I think it’s true that prediction tournaments are better than not aggregating information, or aggregating information by passing around lengthy internal memos. (Certainly better than passing around dubiously-sourced articles on social media. And prediction markets, or tournaments with smarter aggregation rules, should be significantly better than modern tournaments, at least in theory.) But I think one possible contributor for why prediction tournaments have not caught on is simply that current techniques don’t work that well – their superiority over getting together a team of smart people with some sane incentives is not sufficient (or at least not clearly sufficient) to overcome their novelty and prestige issues.

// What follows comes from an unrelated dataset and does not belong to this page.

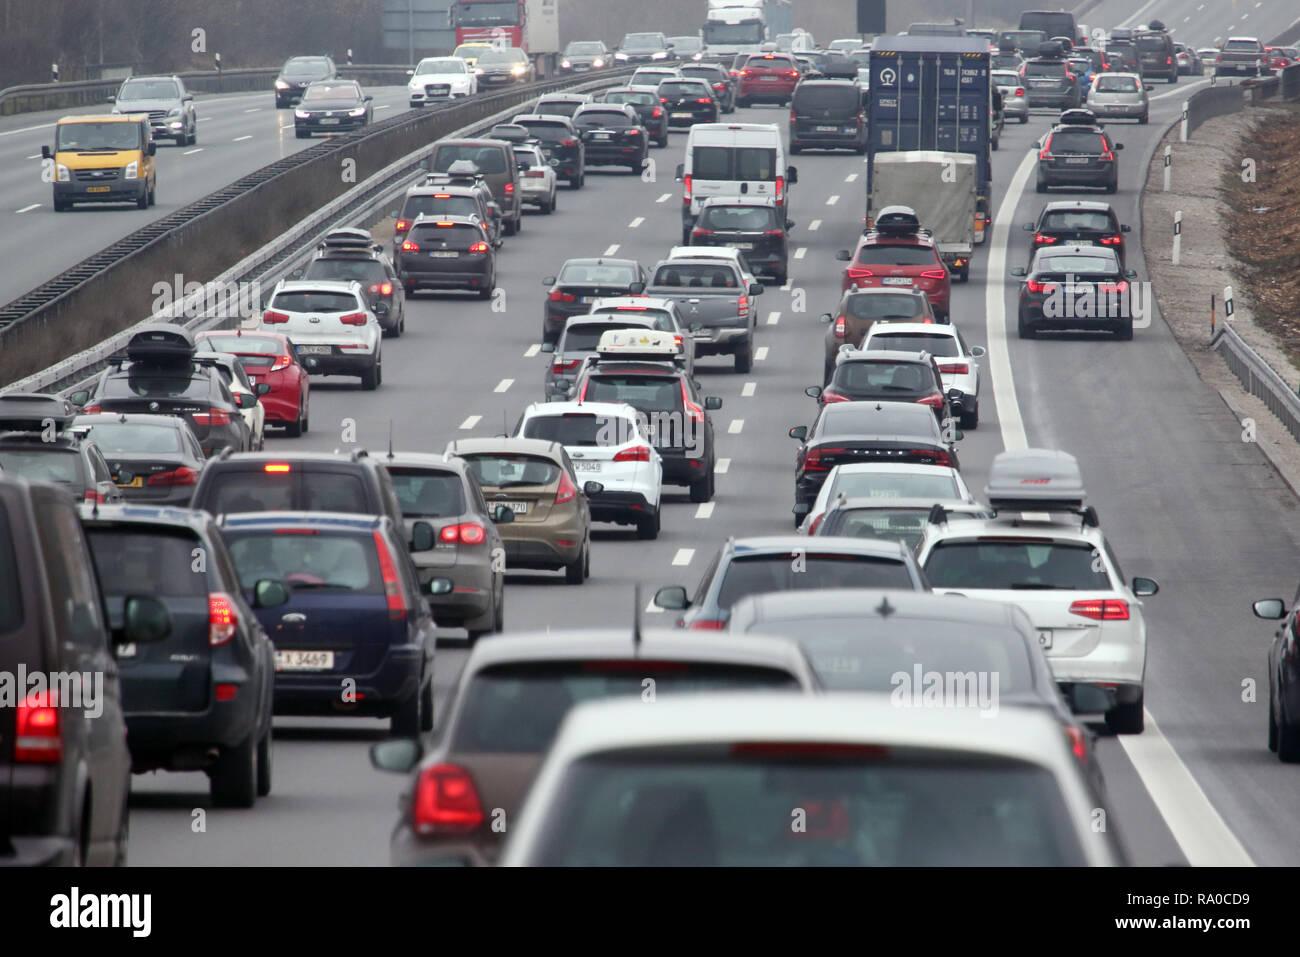 10.02.2018, Bayern, Allersberg, Deutschland, Seitenstreifen der A9 wurde wegen hohen Verkehrsaufkommens fuer den Verkehr freigegeben. 00S180210D110CAR Stock Photo

Damn, a fourth article in two days?
I think moving to Ward Street has made Scott more productive. Or perhaps he hasn’t started working full time yet?
Creepy. A world of rationalists and autists using prediction markets to optimize their lives for a crowdsourced utility function which perfectly fits the aggregate but never an individual.
The focus on AI risk in the rationalist community makes perfect sense, actually, but it should be directed inwards.
I know your comment is at least partially in jest, but there are people at MIRI working on examining theoretical models of prediction markets…
30% chance of Trump being out of office by February 2019!? That does not seem remotely realistic.
Which way? Is it too low or too high?
Way too high (sadly).
Mueller’s investigation seems to have teeth, but a year and a half is just not enough time for a complicated fraud/collusion investigation to pan out, let alone tried and processed through a friendly congress. Trump might resign if some unambiguously incriminating bombshell exists and it’s low hanging enough for Mueller to find in a year and half, but that is nowhere near a double digit chance.
Assassination is unlikely, certainly not a double digit chance. Health issues might be 4-5% according to this table, if even that; that table is from the social security population, which doesn’t have access to the best health care the US can provide on prompt notice.
That’s enough risk for an optimistic 10%, but 30% is plain ludicrous.
I think there’s a fair chance he could get fed up and flounce out. Am I alone?
Most businesses don’t even have staff suggestion boxes. Bottom-up information is a very under implemented area.